Immer wieder tauchen vertraute Elemente auf, ob nun Klänge aus dem Industrial, afrikanische Rhythmen, Techno- Beats oder das hypnotische Anschwellen des Trance. Das Wort Avantgarde klingt in diesem Zusammenhang viel zu brav. Dies ist schon eher die Vertonung der neuesten Tätowierung deines Nachbarn, der manchmal nachts den Putz mit dem Vorschlaghammer von den Wänden holt. Der späte Frank Zappa dürfte sich wohlig im Grabe kuscheln. Vielleicht wäre er auch gerne selbst dabei.

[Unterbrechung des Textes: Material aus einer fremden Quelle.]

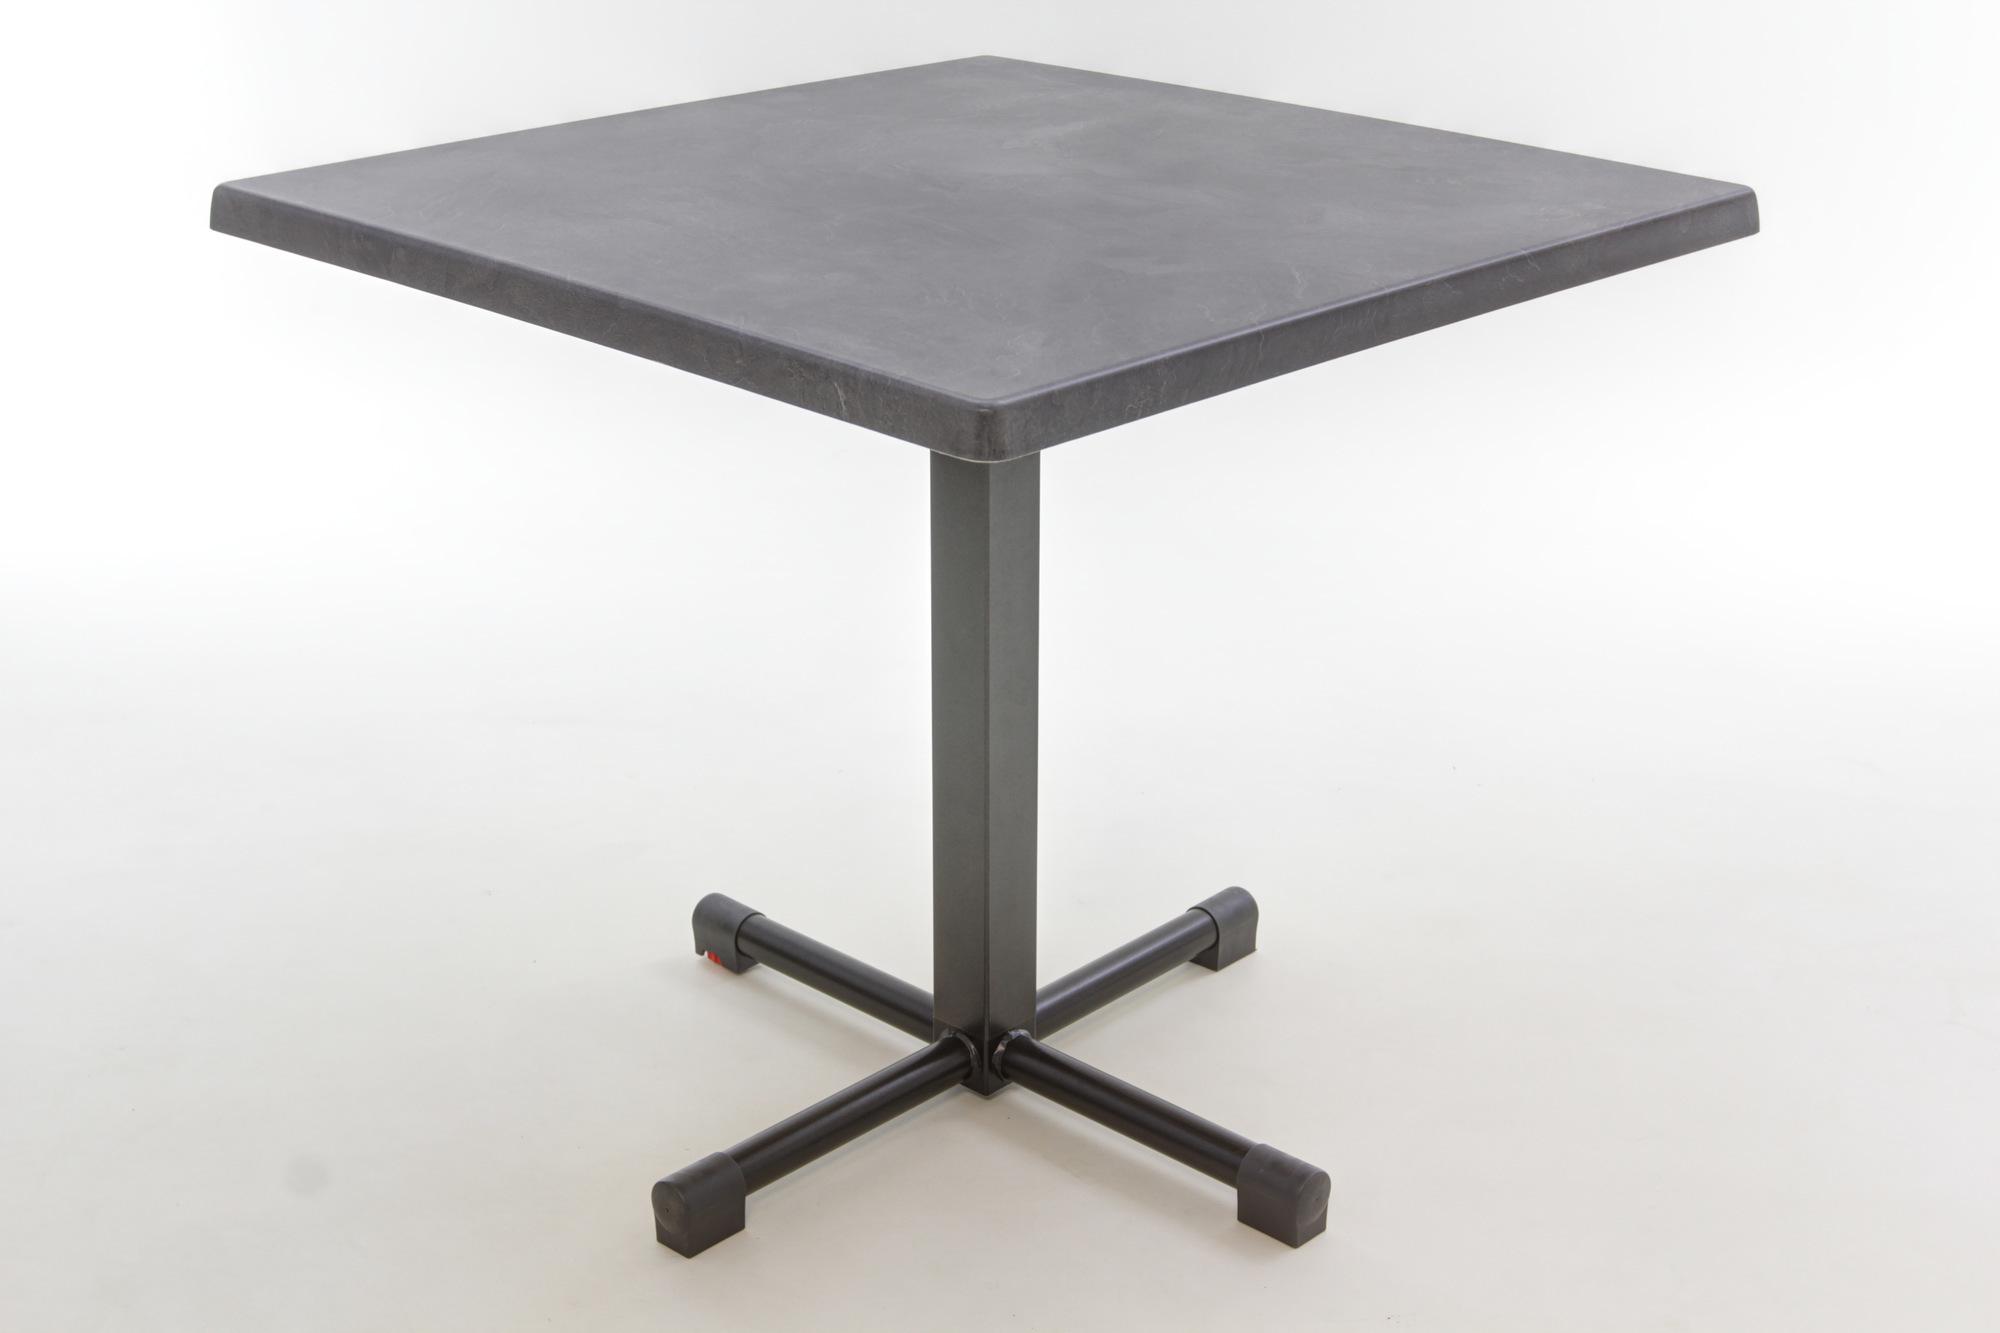 1547120819-gartenmoebel-80x80cm-gastrotisch-amrum.jpg

30. 8., 22 Uhr, Knaack, Greifswalder Straße 224

Als im Frühjahr einige Kreuzberger Bands nach Exjugoslawien reisten, war das mehr eine politische Geste als eine kulturelle Großtat. Bertz Rache oder die Moron Brothers hätten spielen können, was sie wollen, Hauptsache, sie fuhren hin. Ähnlich verhält es sich dann auch umgekehrt. Daß die beiden bosnischen Bands Black Sabah und Tajna Veza den Weg hierher gefunden haben, das allein zählt: Normalität versuchen.

Die Musik wird da recht unerheblich, auch die wohl als Punk-Rock gemeinten Gemütlichkeiten von Black Sabah, einer Band, die sich pünktlich zu Beginn der Belagerung Sarajewos zusammenfand und noch nie außerhalb der Stadt aufgetreten ist. Tajna Veza wurden 1993 von muslimischen und kroatischen Flüchtlingen in Zenica gegründet und spielen auf Melodie und Harmonie bedacht ihre Songs mit Gitarre, Baß, Schlagzeug und Orgel.

31. 8., 20 Uhr, Kirche von Unten, Kremmener Straße 9-11

Club Off Chaos sind das aktuelle Projekt von Jaki Liebezeit, früher einmal Trommler der legendären Krautrocker Can, dann immer die Stöcke schwingend, wo wichtig drauf stand, aber kein Geld zu verdienen war. Boris Polanski und Dirk Herweg programmieren die Computer, die neben Liebezeits stoischem Schlagzeug daherflirren. Das ist meist wenig spektakulär, hört sich mitunter nach Can an, führt aber immerhin vor Augen, wo einige der Wurzeln des aktuellen Dancefloor herkommen.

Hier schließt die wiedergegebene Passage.